[What needs to be done]
Would you retype exactly the lines below, starting with the one that has "Sundial Throw Pillow" and going on through the one that has "Comparative Study of", with no pictures and nothing else?

[Provided material]
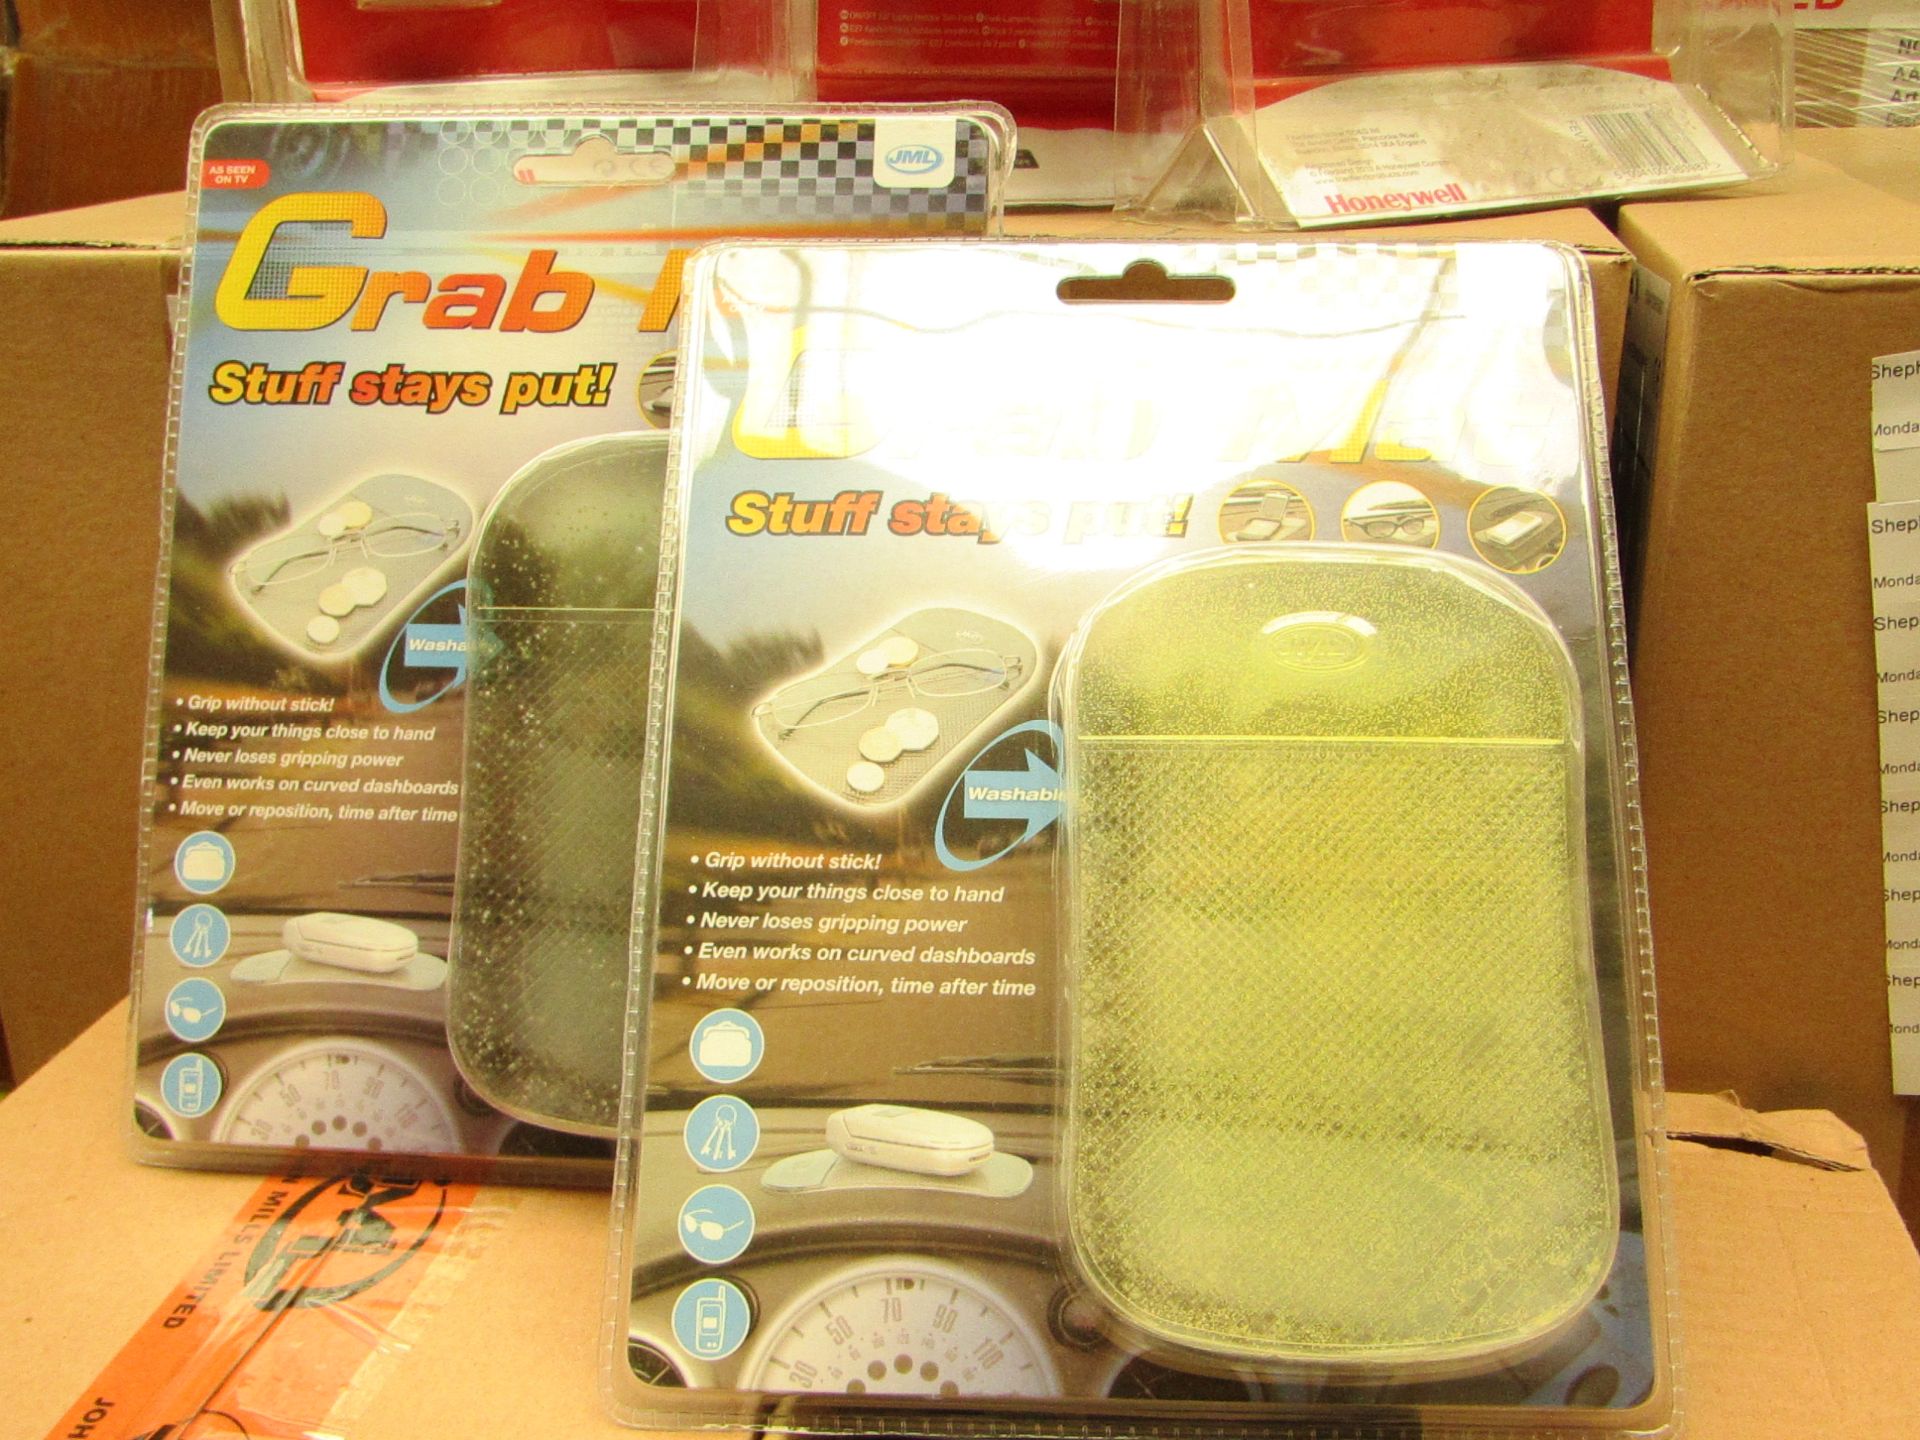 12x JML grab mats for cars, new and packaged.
...
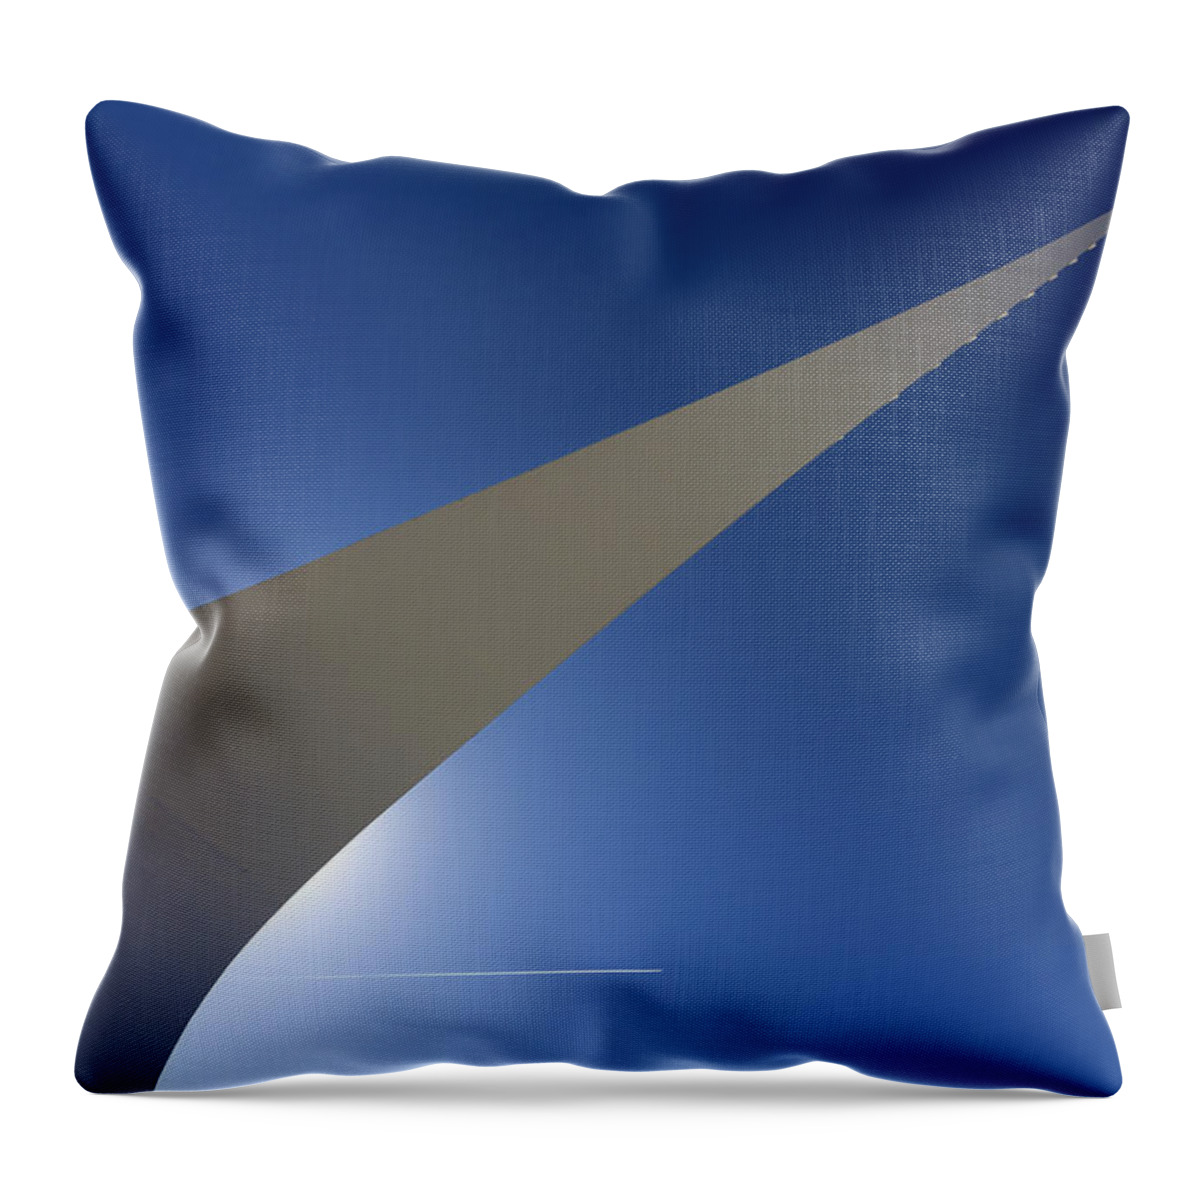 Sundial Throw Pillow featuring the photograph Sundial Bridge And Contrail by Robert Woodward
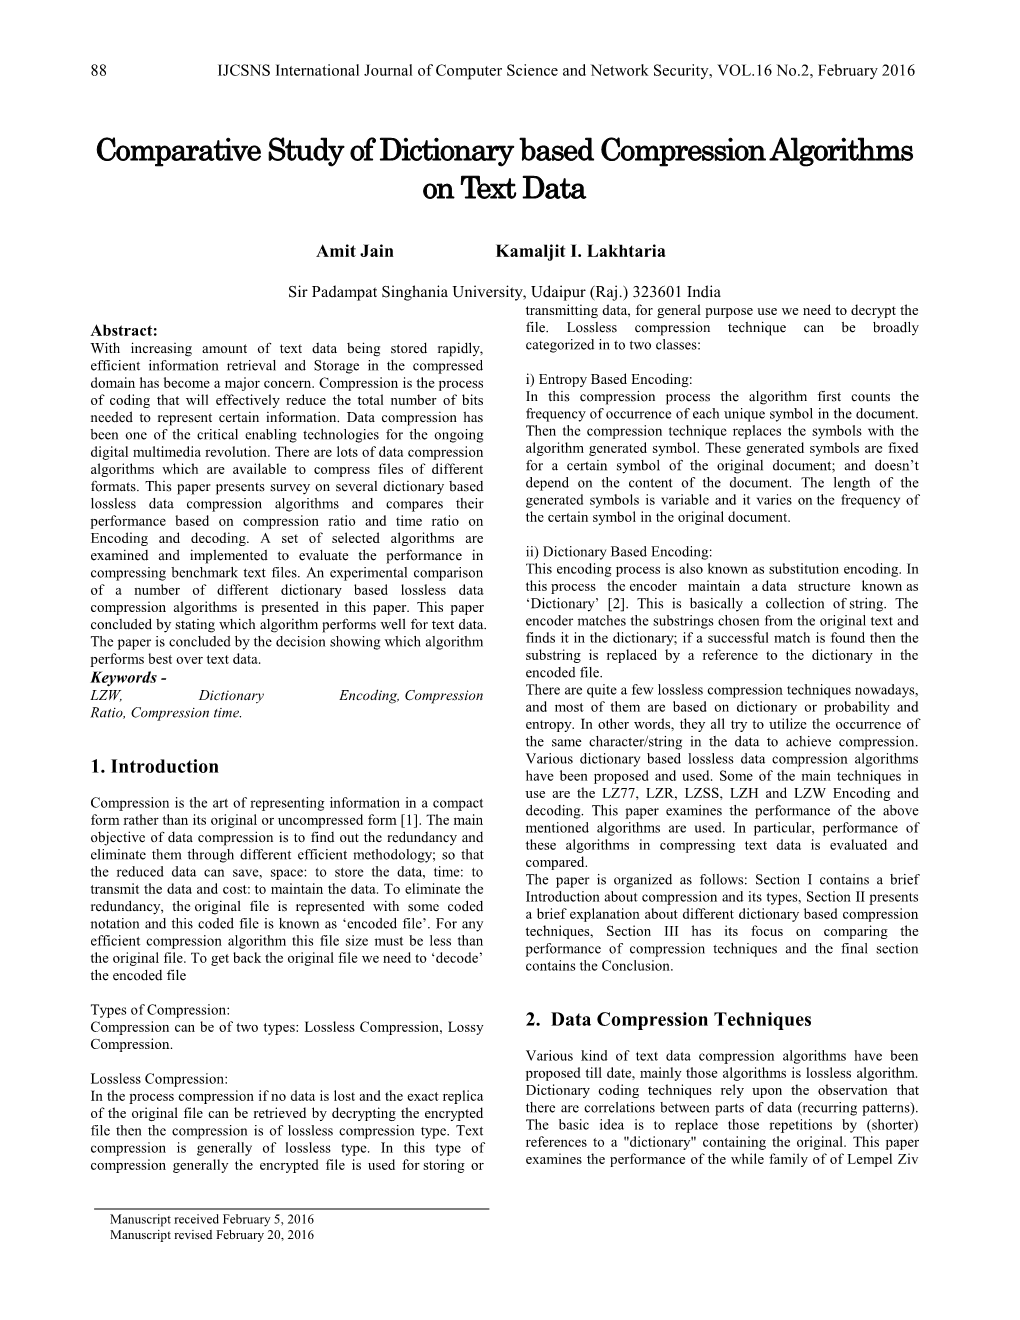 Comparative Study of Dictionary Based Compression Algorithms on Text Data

[Exercise solution]
 Sundial Throw Pillow featuring the photograph Sundial Bridge And Contrail by Robert Woodward
 Comparative Study of Dictionary Based Compression Algorithms on Text Data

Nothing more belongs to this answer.